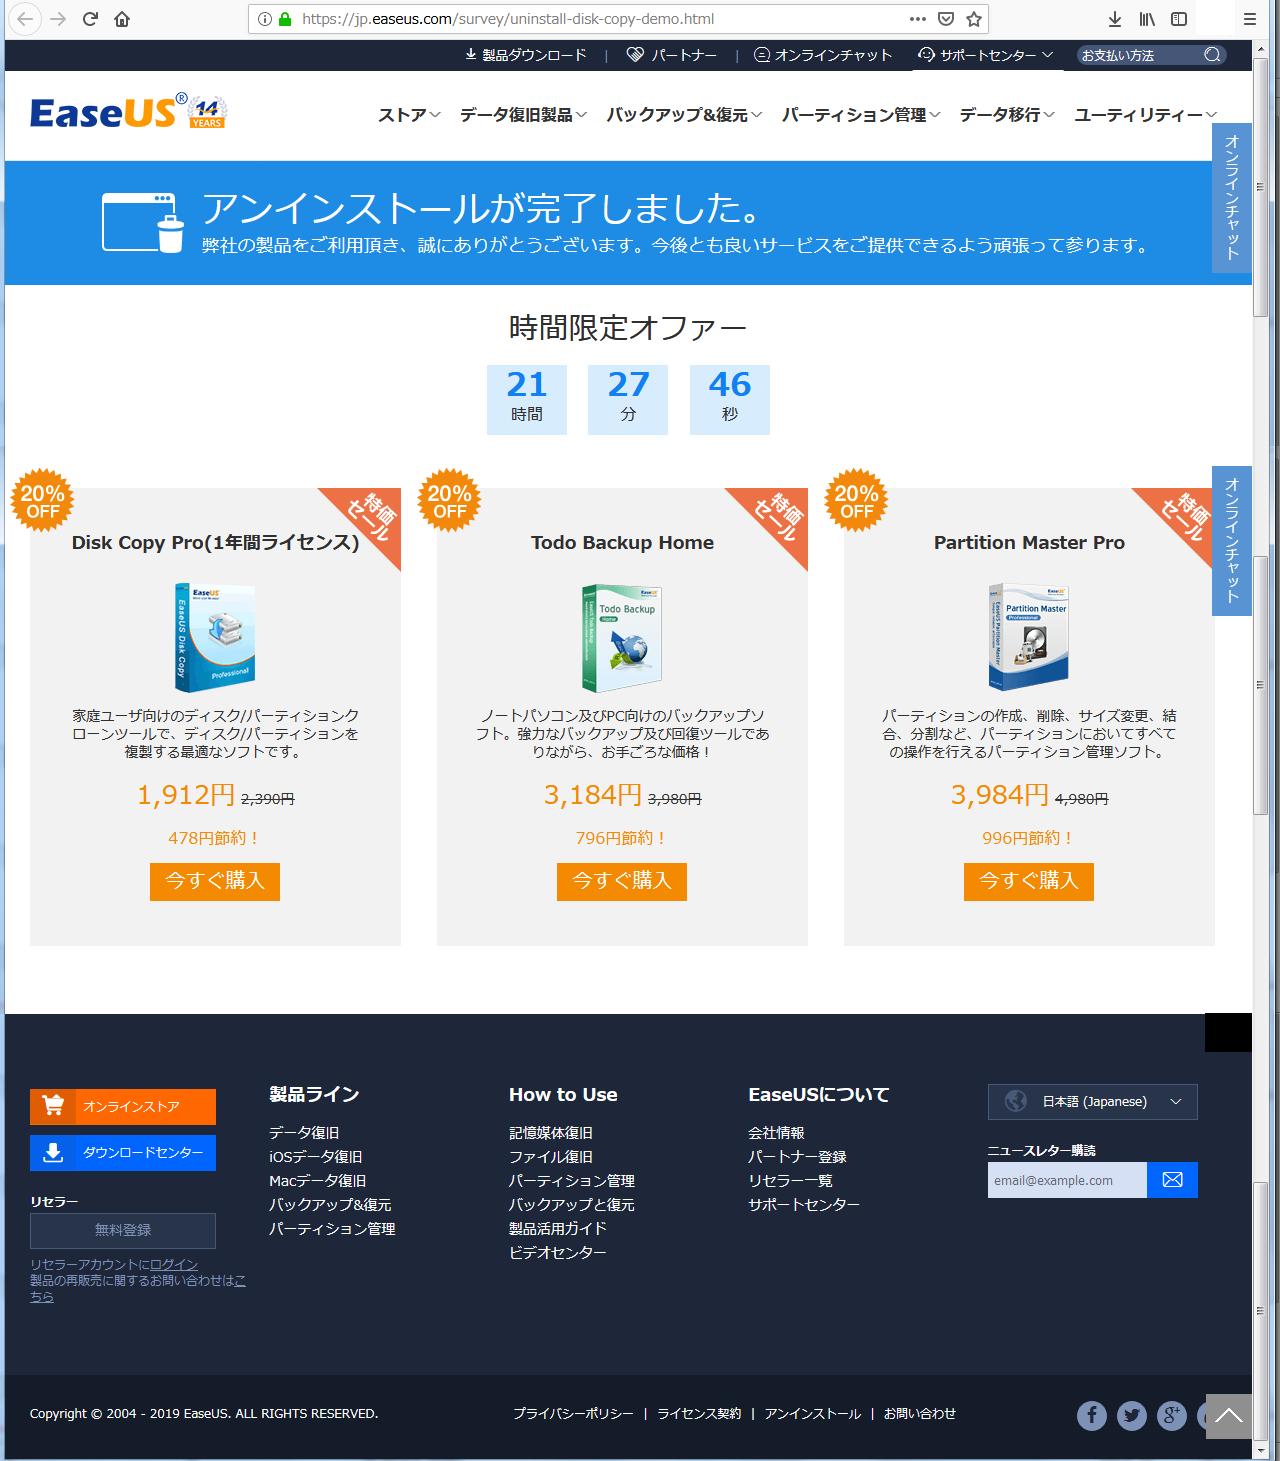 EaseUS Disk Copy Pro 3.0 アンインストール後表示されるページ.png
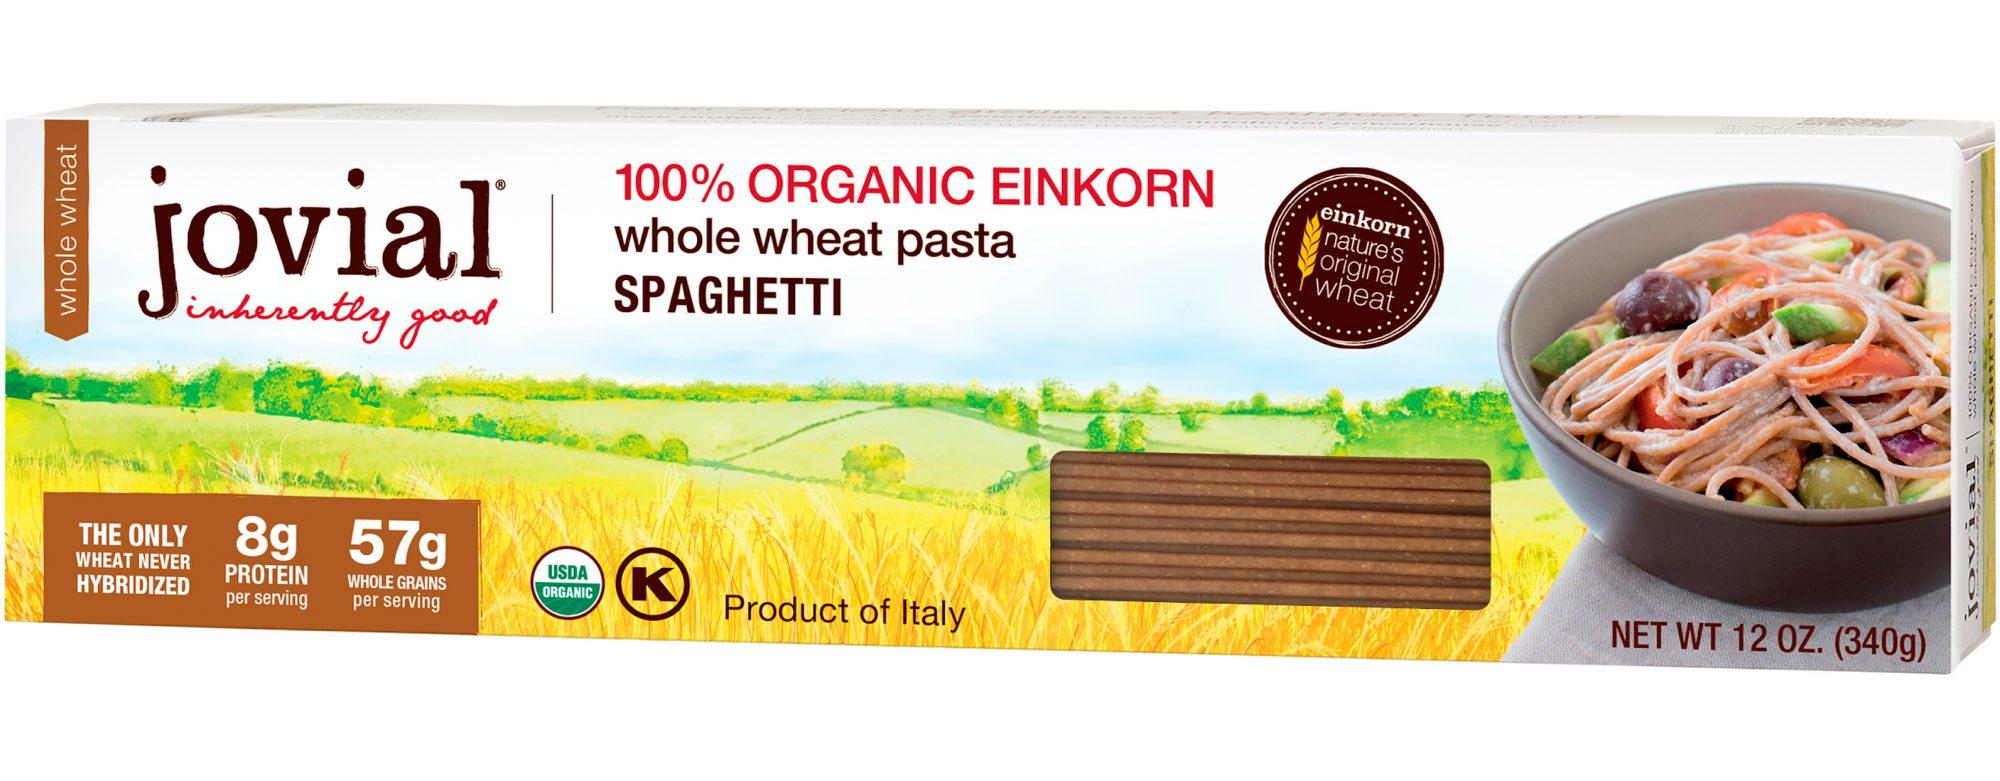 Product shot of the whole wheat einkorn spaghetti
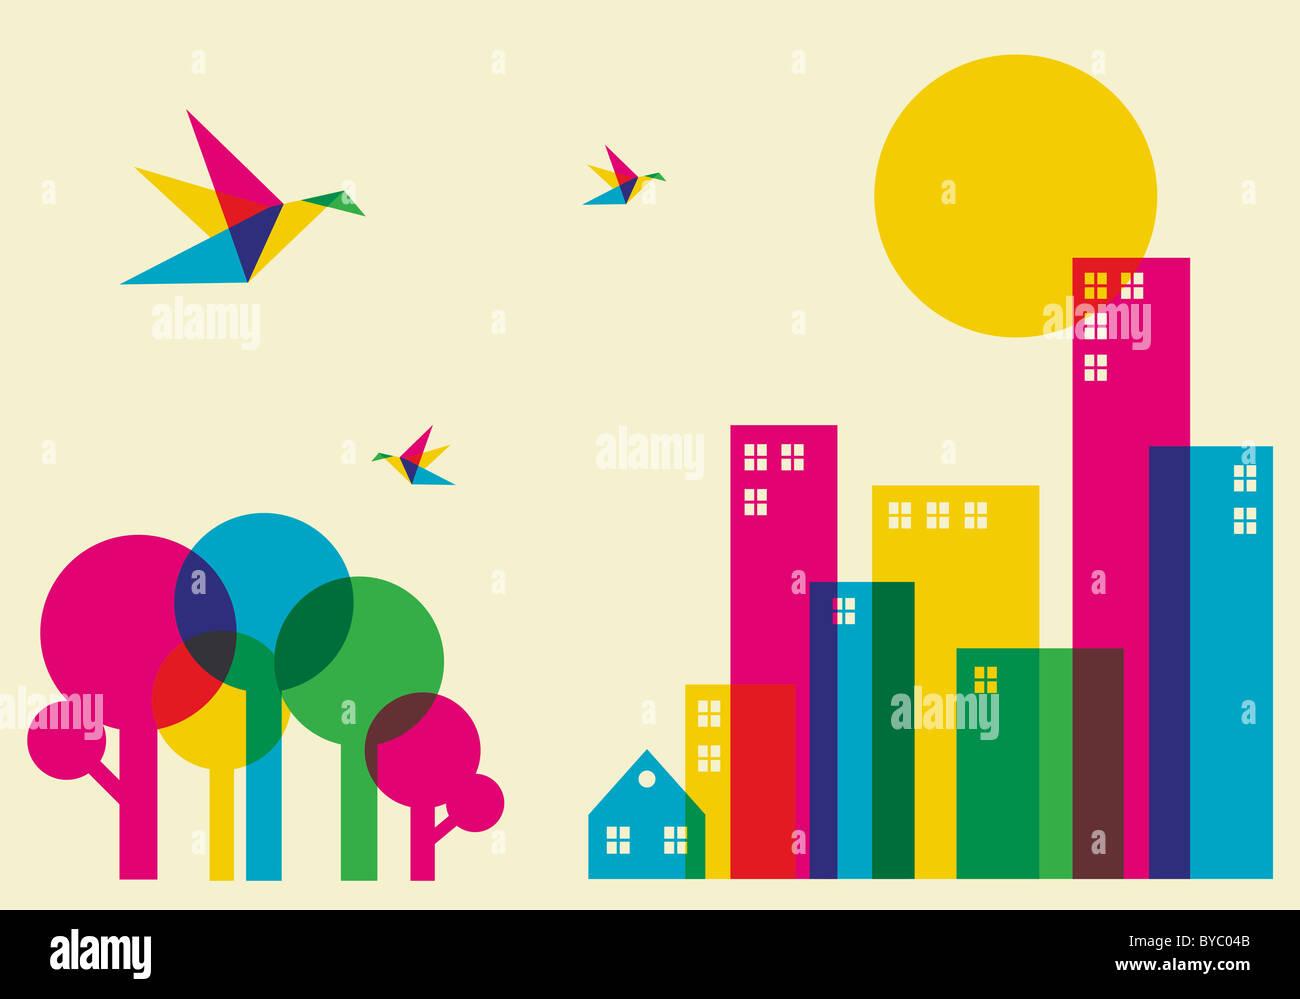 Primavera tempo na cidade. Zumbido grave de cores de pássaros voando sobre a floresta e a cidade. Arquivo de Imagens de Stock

Aim of the exercise:
Transcribe exactly the span of lines from the line holding "Product shot of" through the last line above, both included. Pictures stay out.

Task answer:
 Product shot of the whole wheat einkorn spaghetti
 Primavera tempo na cidade. Zumbido grave de cores de pássaros voando sobre a floresta e a cidade. Arquivo de Imagens de Stock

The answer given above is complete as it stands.